Current computer-use benchmarks primarily focus on software operation tasks in virtualized systems, whereas scientific instrumentation scenarios require coordinated control over complex interfaces, and feedback-driven parameter adjustment. However, directly evaluating agents on physical high-precision instruments is impractical due to high cost, safety risks, limited accessibility, and difficulty in ensuring reproducible evaluation. This motivates the need for a simulated yet realistic testbed that preserves the operational challenges of scientific instruments while enabling scalable and safe benchmarking. To this end, we introduce LabOSBench, a challenging benchmark for multimodal GUI agents built on a suite of web-based scientific-instrument simulators. Operating directly via a browser, LabOSBench avoids resource-heavy OS virtualization while supporting flexible task configuration and execution-based evaluation. Specifically, LabOSBench constructs 96 subtasks across eight instrument simulators, covering workflows from sample loading, alignment, parameter tuning, and data acquisition to result inspection. We evaluate general-purpose vision-language models, specialized GUI agent models, and advanced agentic frameworks at both subtask and end-to-end levels. Our experiments reveal that while existing agents can complete many structured GUI subtasks, they still struggle with feedback-driven operations and long-horizon workflow execution. Overall, LabOSBench provides a reproducible, low-cost testbed for advancing computer-using agents toward scientific-instrument control.

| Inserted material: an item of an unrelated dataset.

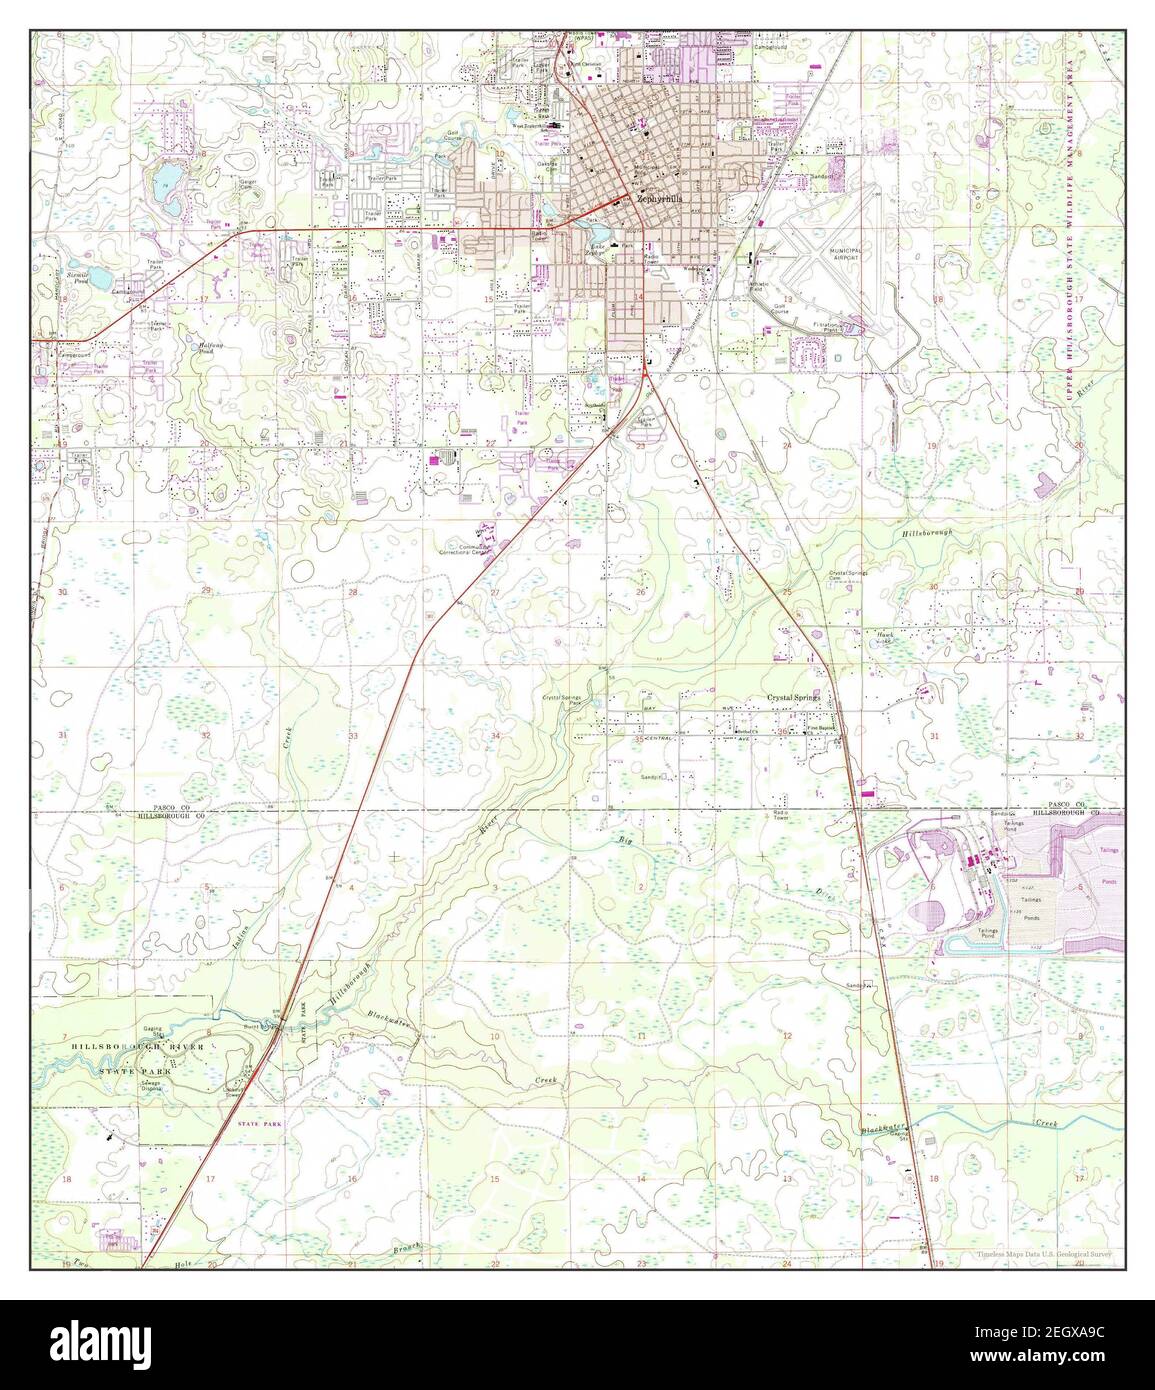 Zephyrhills, Florida, Karte 1975, 1:24000, Vereinigte Staaten von Amerika von Timeless Maps, Daten U.S. Geological Survey Stockfoto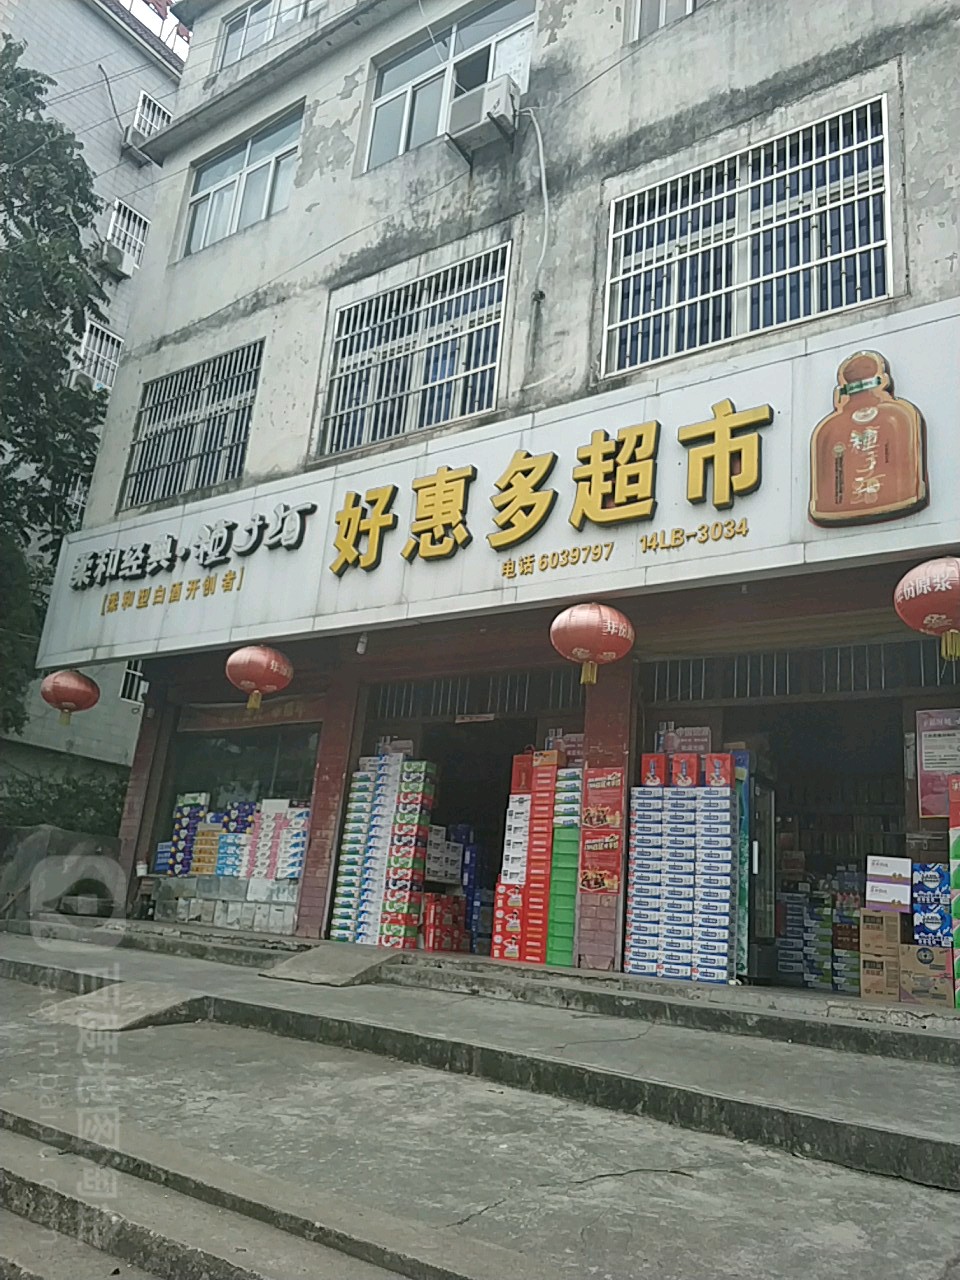 好惠多超市(宿泗路)

翻译：当前的计算机使用基准测试主要关注虚拟化系统中的软件操作任务，而科学仪器场景要求对复杂界面进行协调控制以及基于反馈的参数调整。然而，在高精度物理仪器上直接评估代理因成本高昂、安全风险、访问受限及难以确保可复现评估而不可行。这促使我们构建一个既保留科学仪器操作挑战、又支持可扩展安全评估的仿真现实测试平台。为此，我们提出LabOSBench——一个基于网络科学仪器模拟器套件的多模态图形用户界面代理挑战性基准测试。LabOSBench直接通过浏览器运行，避免了对资源密集型操作系统虚拟化的依赖，同时支持灵活的任务配置与基于执行的评估。具体而言，LabOSBench在八个仪器模拟器中构建了96个子任务，涵盖从样本加载、对准、参数调优、数据采集到结果检查的完整工作流。我们在子任务与端到端两个层面评估了通用视觉语言模型、专用GUI代理模型以及先进代理框架。实验表明，尽管现有代理能完成许多结构化GUI子任务，但在基于反馈的操作与长时序工作流执行上仍存在困难。总体而言，LabOSBench为推进计算机使用代理向科学仪器控制发展提供了可复现、低成本的测试平台。